Selon Bandura (2007 : 124), les principales sources de croyances d’efficacité

personnelle sont les suivantes :

1) L’expérience active de maîtrise : les expériences vécues sont considérées par

Bandura comme la meilleure source d’information sur l’efficacité. « Les succès

construisent une solide croyance d’efficacité personnelle ; les échecs la minent,

surtout s’ils surviennent avant qu’un sentiment d’efficacité n’ait été fermement

établi. » (ibid. : 125).

2) L’expérience vicariante : est une source indirecte du SEP « Les personnes ne se

basent pas seulement sur leur expérience pour obtenir des informations sur leurs

capacités. Les évaluations d’efficacité sont partiellement influencées par des

expériences vicariantes médiatisées par des réalisations modelées par autrui. »

(ibid. : 135)

3) La persuasion verbale : la croyance est perçue par une autre personne, mais son

pouvoir n’est pas durable. « Il est plus facile à quelqu’un de maintenir un

sentiment d’efficacité, particulièrement quand il est confronté à des difficultés,

si d’autres individus significatifs lui expriment leur confiance dans ses capacités

que s’ils manifestent des doutes. » (ibid. : 156)

4) Les états physiologiques et émotionnels : une forme d’émotion peut induire des

perceptions d’auto-efficacité favorables ou défavorables selon la nature de

l’émotion ressentie.
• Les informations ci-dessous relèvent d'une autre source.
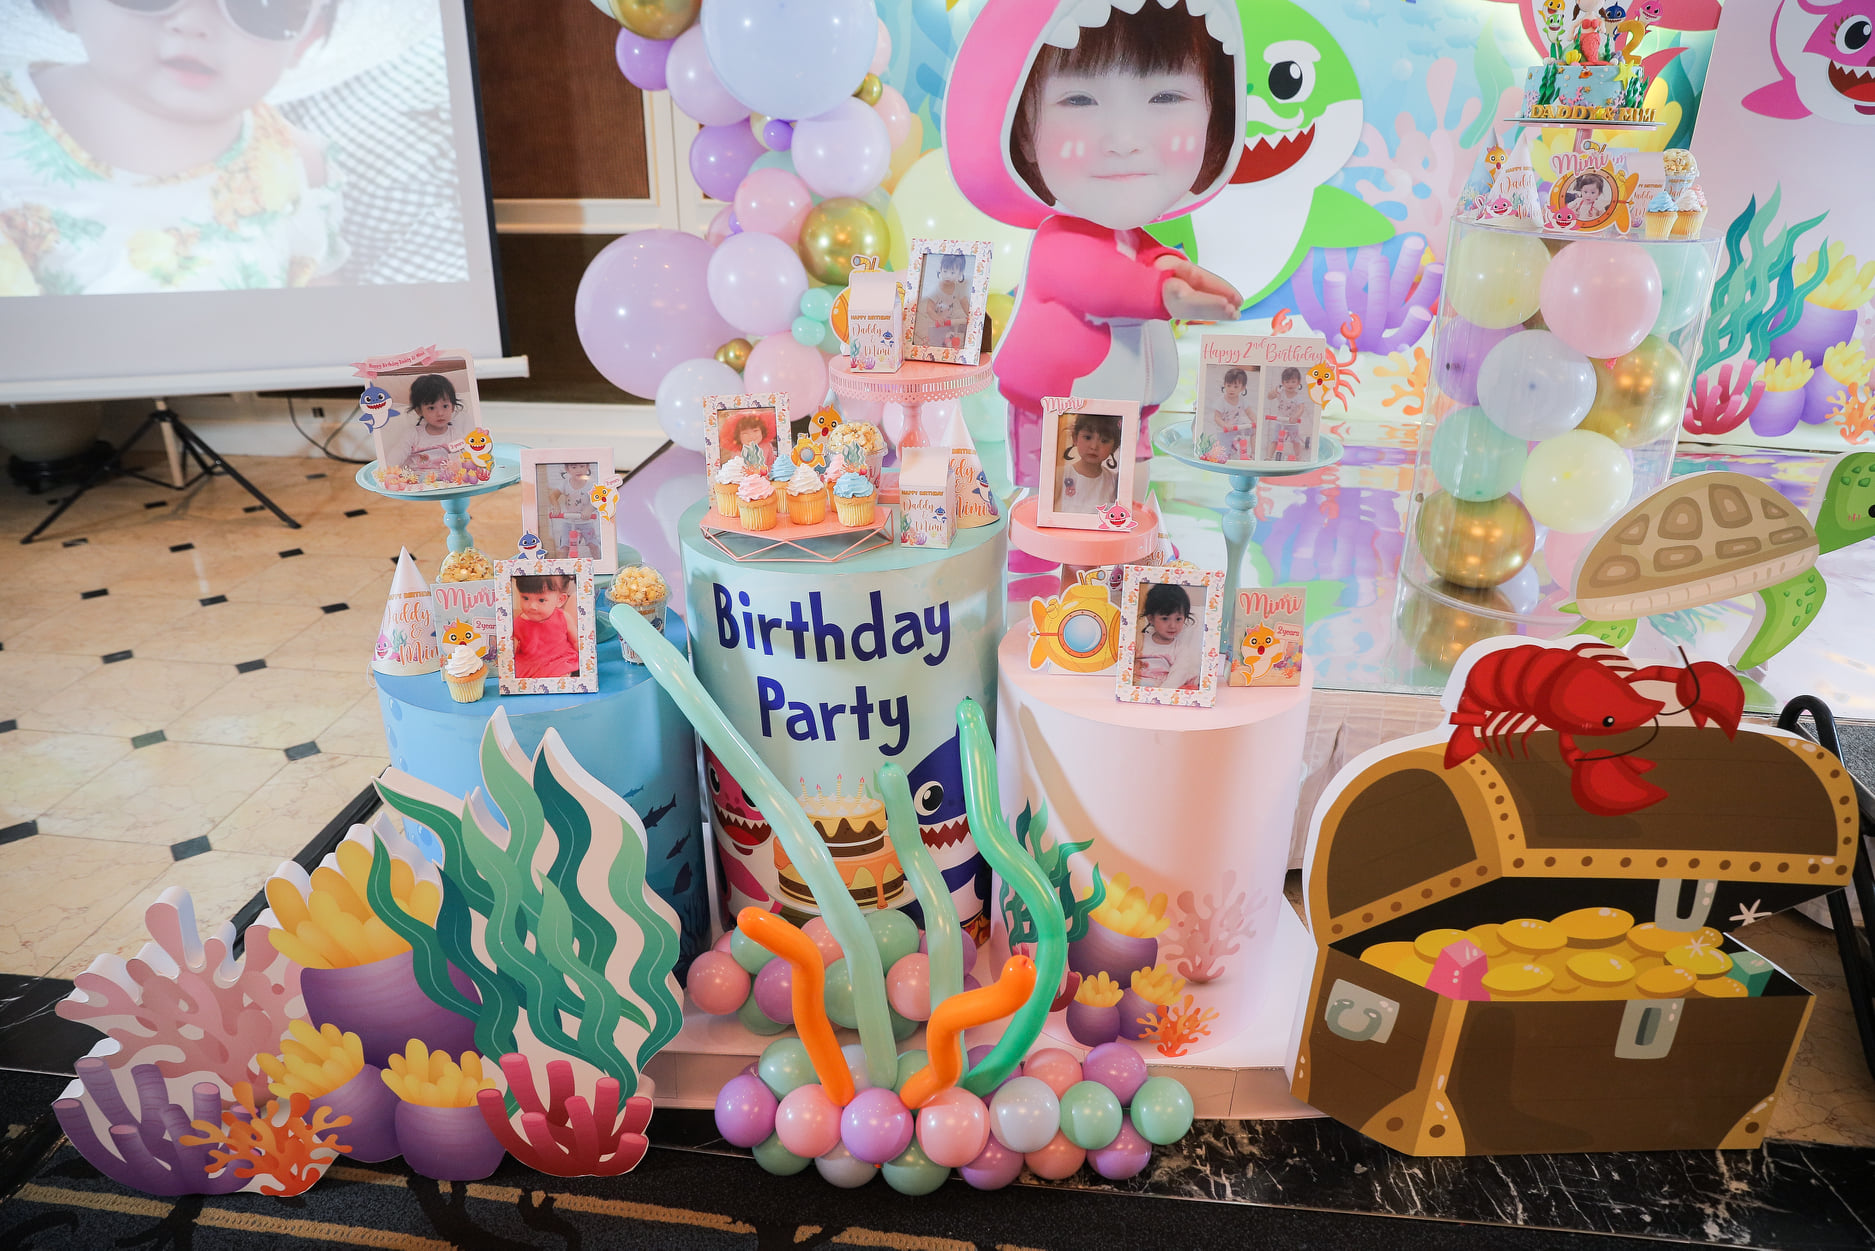 Trang trí sinh nhật cho bé tại Hà Nội
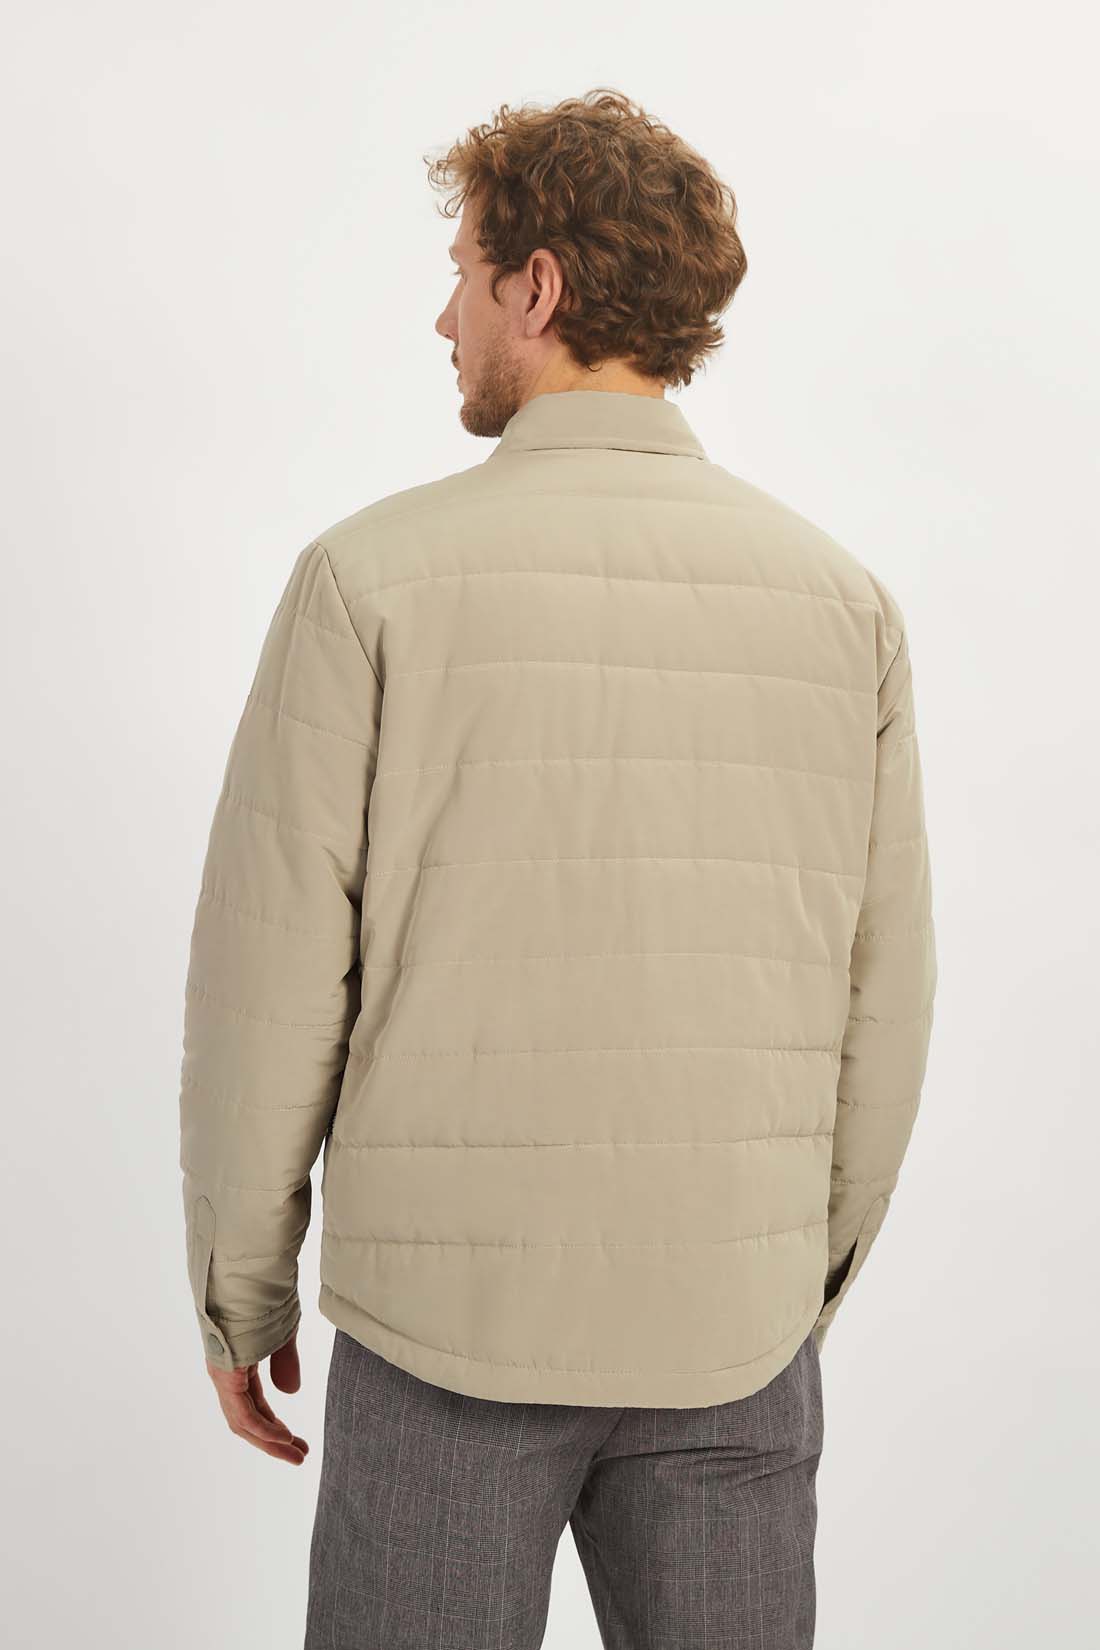 Куртка (арт. baon B5322007), размер M, цвет бежевый Куртка (арт. baon B5322007) - фото 2

Le stress et l’anxiété ainsi que des réactions physiologiques

comme des mains moites ou une gorge sèche le jour d’un examen peuvent

conduire à un échec et à un sentiment défavorable en ses capacités.

5) L’intégration de l’information relative à l’efficacité : l’intégration de

l’information relative à l’efficacité repose sur deux éléments :

- premièrement tous les facteurs n’ont pas la même valeur dans leur degré

d’information et d’interaction. Certains représentent des indicateurs très

fiables et d’autres le sont beaucoup moins.

- deuxièmement les individus n’utilisent pas les mêmes règles pour former

un jugement sur leur efficacité personnelle. Certains additionnent

plusieurs facteurs pertinents, plus il y a d’indicateurs, plus la croyance en

leur capacité personnelle est forte. D’autres utilisent une règle de

pondération relative dans laquelle certains facteurs sont pesés plus

lourdement que d’autres.

Les effets d’un sentiment d’efficacité élevé interviennent quotidiennement dans

la vie d’un individu, dans les choix de ses actions, de sa carrière et des tâches qu’il

désire accomplir. Dans le domaine de l’apprentissage, il influence le processus

motivationnel et l’image de soi, c’est un facteur de performance et de persévérance qui

interagit avec l’ensemble des dimensions cognitives et affectives.